Proximity To Discovery

View all news

University leads international study into serious condition

10th August 2016

Patients with cystic fibrosis-related diabetes will benefit from an international research project aimed at understanding the key reasons behind the devastating disease.

Experts at Newcastle University are leading a new scientific study to investigate how genetic defects responsible for cystic fibrosis (CF) increase blood sugar levels.

The research is being carried out in collaboration with Ulster University, Northern Ireland; Lund University, Sweden; University of Szeged, Hungary, and University of Iowa, USA.

Cystic fibrosis-related diabetes (CFRD) is unique and has a different mechanism to Type 1 and Type 2. While the cause is unknown, the development of the diabetes accelerates lung disease, which is the main reason for death among people with CF.

Discovering how the defective gene affects the body’s ability to regulate insulin levels is crucial to working out how to prevent diabetes from developing.

Identifying treatment options

It is hoped that the research, which includes CF and diabetes specialists in the UK, Europe and USA, will identify treatment options for CF patients to help prevent diabetes and improve life-expectancy.

James Shaw, Professor of Regenerative Medicine for diabetes at Newcastle University and Honorary Consultant Physician specialising in diabetes at Newcastle upon Tyne Hospitals NHS Foundation Trust, is spearheading the international collaboration.

He said: “This pioneering research project is extremely exciting as it brings together leading scientists from the fields of diabetes and CF, something that has not happened before.

“Given the significant, detrimental impact of CFRD on lung function and life-expectancy for patients with CF, better understanding of these processes is urgently needed.

“Our research has the potential to identify new treatment options that could enable the majority of CF patients to live longer and healthier lives.”

Serious condition

CF is a life-shortening genetic condition that causes lungs to become clogged with mucus, making it hard to breathe.

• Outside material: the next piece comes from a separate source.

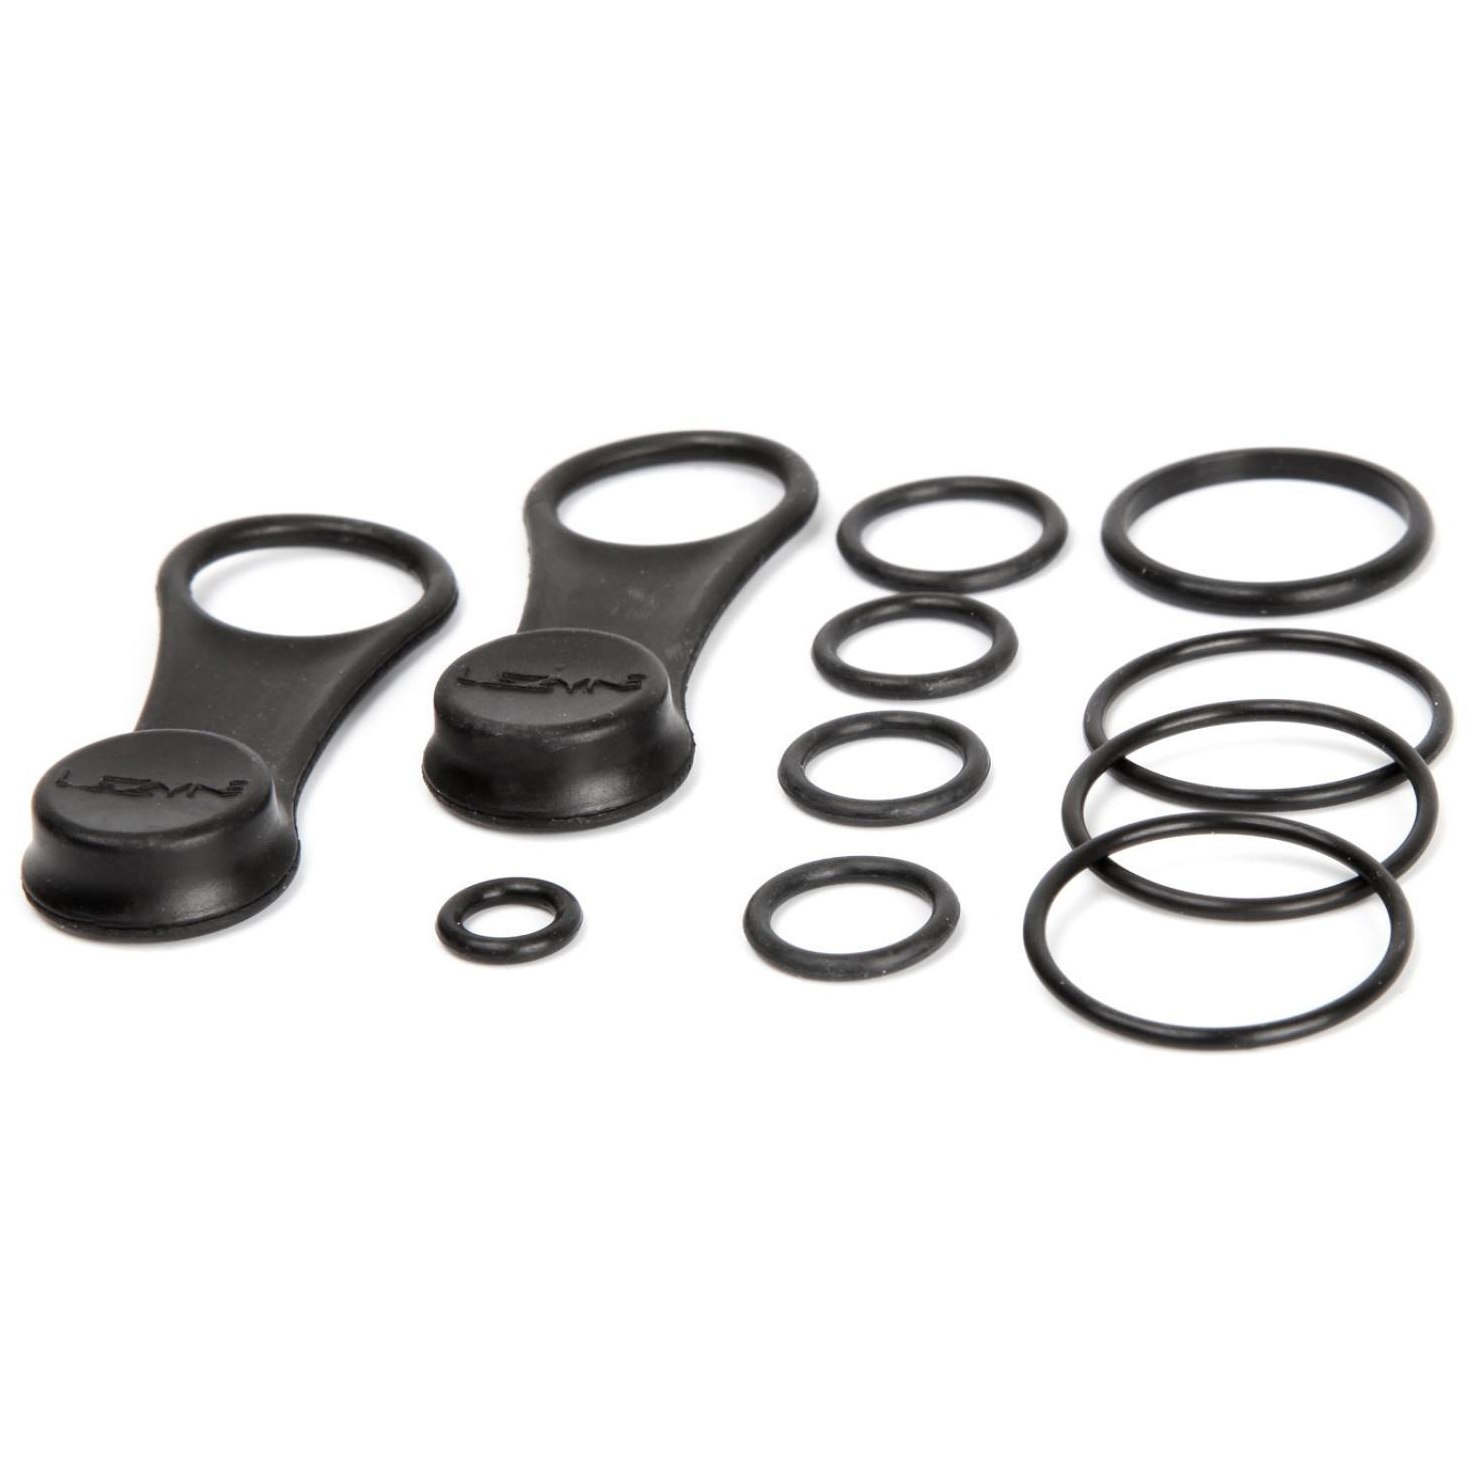 Image of Lezyne Seal Kit for Road Drive Pump

Each day two people die from the disease. On average, patients do not live beyond their mid-30s.

The £750,000 study, funded by the Cystic Fibrosis Trust, will run for three years. The Trust is hopeful that this research will have a significant impact on the lives of people living with CF in the future.

Dr Mike Gray, Reader in Cellular Physiology at Newcastle University, who is deputy coordinator of this project, said: “This is an important and timely award from the Cystic Fibrosis Trust into an area that is currently poorly understood, yet is an ever increasing problem for people with the condition.

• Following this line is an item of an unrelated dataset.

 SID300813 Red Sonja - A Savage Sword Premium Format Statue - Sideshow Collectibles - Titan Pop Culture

“This research could lead to the development of new approaches to help limit the impact of CFRD on the lives of people with CF, and we are very grateful to the Trust and its supporters for the award.”

Millions of people carry faulty gene

As many as 2.5 million people in the UK carry the faulty gene that causes the illness. Approximately 50% of adults living with CF have diabetes, having a detrimental impact on lung function and health.

Dr Michael White, Research Associate at Newcastle University, who will be involved in the project, said: “Without this research we would not be able to work on CFRD in such an efficient way.

“This project will allow us to learn outside of our normal centres and to develop specific techniques that we wouldn’t normally be familiar with.

“Having a collaboration like this, on such a large scale, doesn’t usually happen. This is something we’re delighted to be involved with as it will allow us to develop a greater understanding of CFRD.”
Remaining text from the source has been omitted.